1. A composition comprising at least one expression vector, wherein the at least one expression vector comprises a nucleic acid comprising:

(a) at least one polynucleotide sequence selected from the group consisting of: SEQ ID NO: 1-SEQ ID NO: 30 or a sequence complementary thereto;
(b) at least one polynucleotide sequence comprising a conservative variation of a polynucleotide sequence of (a);
(c) at least one polynucleotide encoding a polypeptide sequence selected from the group consisting of SEQ ID NO: 31-SEQ ID NO: 60, or conservative variations thereof;
(d) at least one polynucleotide sequence that hybridizes under stringent conditions to a polynucleotide sequence of (a) or (b);
(e) at least one polynucleotide that is at least about 70% identical to a polynucleotide sequence of (a), or (b); or,
(f) at least one polynucleotide sequence comprising at least 10 contiguous nucleotides of a polynucleotide sequence selected from the group consisting of: SEQ ID NO: 1-SEQ ID NO: 30, or a sequence complementary thereto.

2. The composition of claim 1, wherein the at least one expression vector comprises a promoter operably linked to the nucleic acid comprising the polynucleotide of (a), (b), (c), (d) or (e).

3. The composition of claim 1, wherein the nucleic acid encodes a polypeptide.

4. The composition of claim 1, wherein the polypeptide comprises a polypeptide subsequence of SEQ ID NO: 31-SEQ ID NO: 60.

5. The composition of claim 1, wherein the nucleic acid encodes a sense or antisense RNA.

6. A cell comprising the at least one expression vector of claim 1.

7. The cell of claim 6, which cell expresses a polypeptide selected from the group consisting of SEQ ID NO: 31-SEQ ID NO: 60, and conservative variations thereof.

8. An isolated or recombinant polypeptide comprising:

(a) an amino acid sequence selected from the group consisting of SEQ ID NO: 31-SEQ ID NO: 60, and conservative variants thereof;
(b) an amino acid sequence encoded by a polynucleotide sequence selected from the group consisting of SEQ ID NO: 1 to SEQ ID NO: 30, and conservative variations thereof;
(c) an amino acid sequence encoded by a polynucleotide sequence that hybridizes under stringent conditions to a polynucleotide sequence selected from the group consisting of SEQ ID NO: 1 to SEQ ID NO: 30;
(d) an amino acid sequence encoded by a polynucleotide sequence that is at least about 70% identical to a polynucleotide selected from the group consisting of SEQ ID NO: 1 to SEQ ID NO: 30, or
(e) a polypeptide comprising an amino acid subsequence of (a), (b), (c) or (d).

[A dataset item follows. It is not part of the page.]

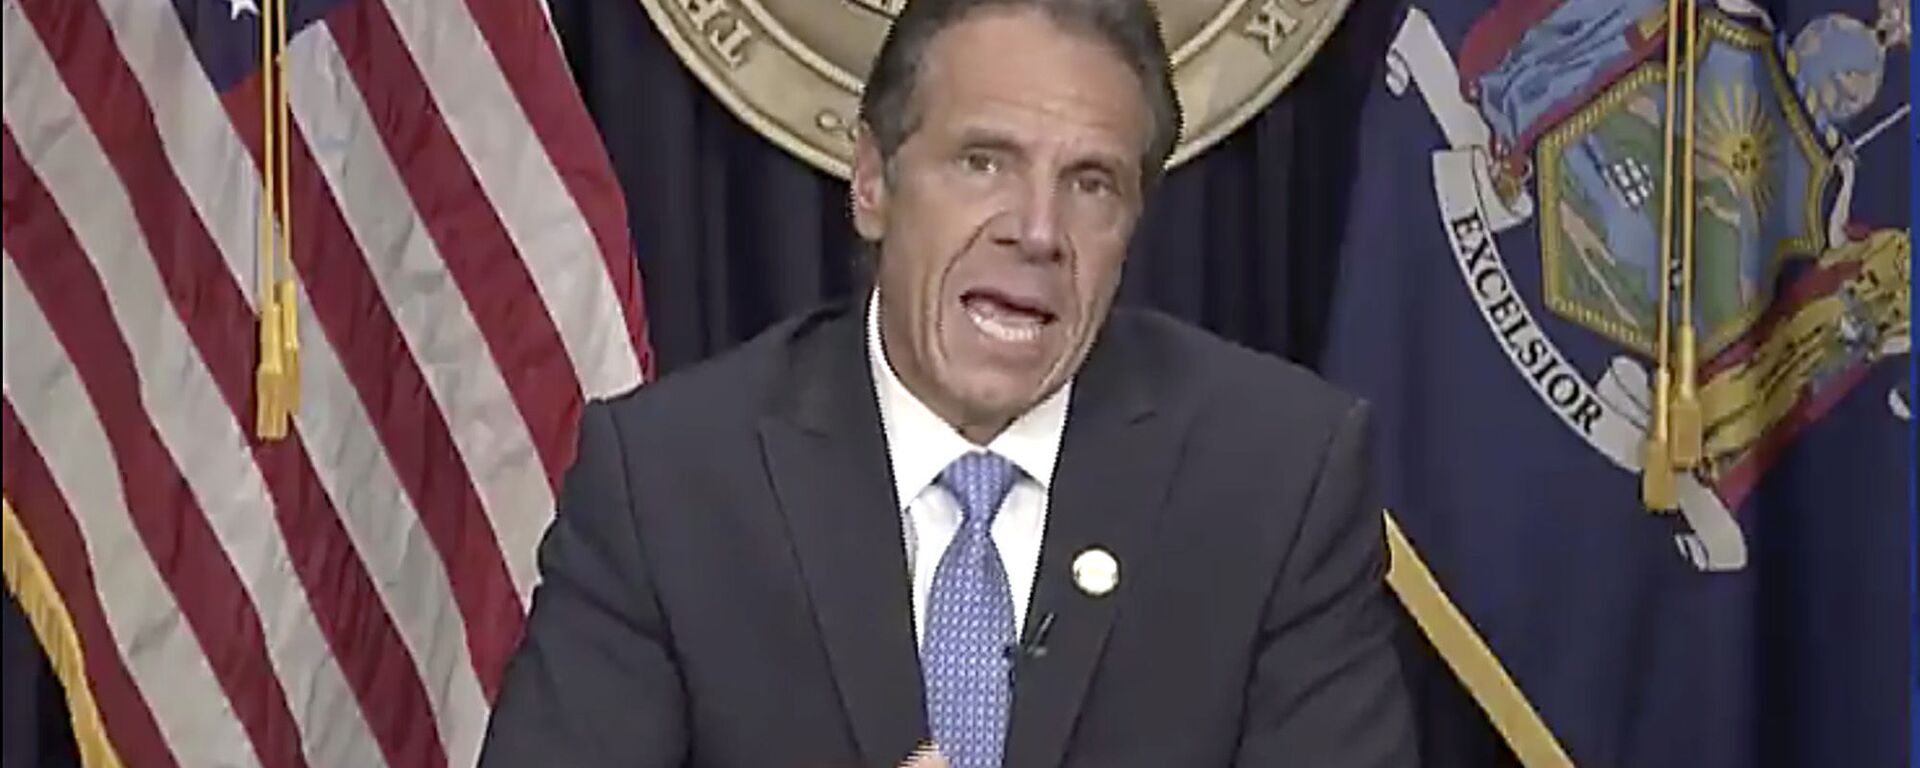 In this still image from video,  Gov. Andrew Cuomo speaks during a news conference in Albany, N.Y. on Tuesday, Aug. 10, 2021.  Cuomo has resigned over a barrage of sexual harassment allegations in a fall from grace a year after he was widely hailed nationally for his detailed daily briefings and leadership during the darkest days of COVID-19. (Office of the Governor of New York via AP) - Sputnik International, 1920, 10.08.2021

9. The isolated or recombinant polypeptide of claim 8, comprising a fusion protein.

10. The isolated or recombinant polypeptide of claim 8, comprising a peptide or polypeptide tag.

11. The isolated or recombinant polypeptide of claim 10, wherein the peptide or polypeptide tag comprises a reporter peptide or polypeptide.

12. The isolated or recombinant polypeptide of claim 10, wherein the peptide or polypeptide tag comprises an epitope.

13. The isolated or recombinant polypeptide of claim 10, wherein the peptide or polypeptide tag comprises a localization signal or sequence.

14. An array of polypeptides comprising two or more different polypeptides of claim 8.

15. An antibody specific for the isolated or recombinant polypeptide of claim 8.

16. The antibody of claim 15, wherein the antibody comprises a monoclonal antibody or polyclonal serum.

17. The antibody of claim 15, which antibody is specific for an epitope comprising a subsequence of a polypeptide selected from the group consisting of SEQ ID NO: 31-SEQ ID NO: 60.

18. An isolated or recombinant polypeptide which specifically binds to the antibody of claim 15.

19. A cell comprising at least one exogenous nucleic acid, which cell expresses a polypeptide of claim 8.

20. The cell of claim 19, wherein the expressed polypeptide is encoded by the exogenous nucleic acid.

21. The cell of claim 19, wherein the exogenous nucleic acid comprises a promoter, which promoter regulates transcription of an endogenous nucleic acid encoding the polypeptide.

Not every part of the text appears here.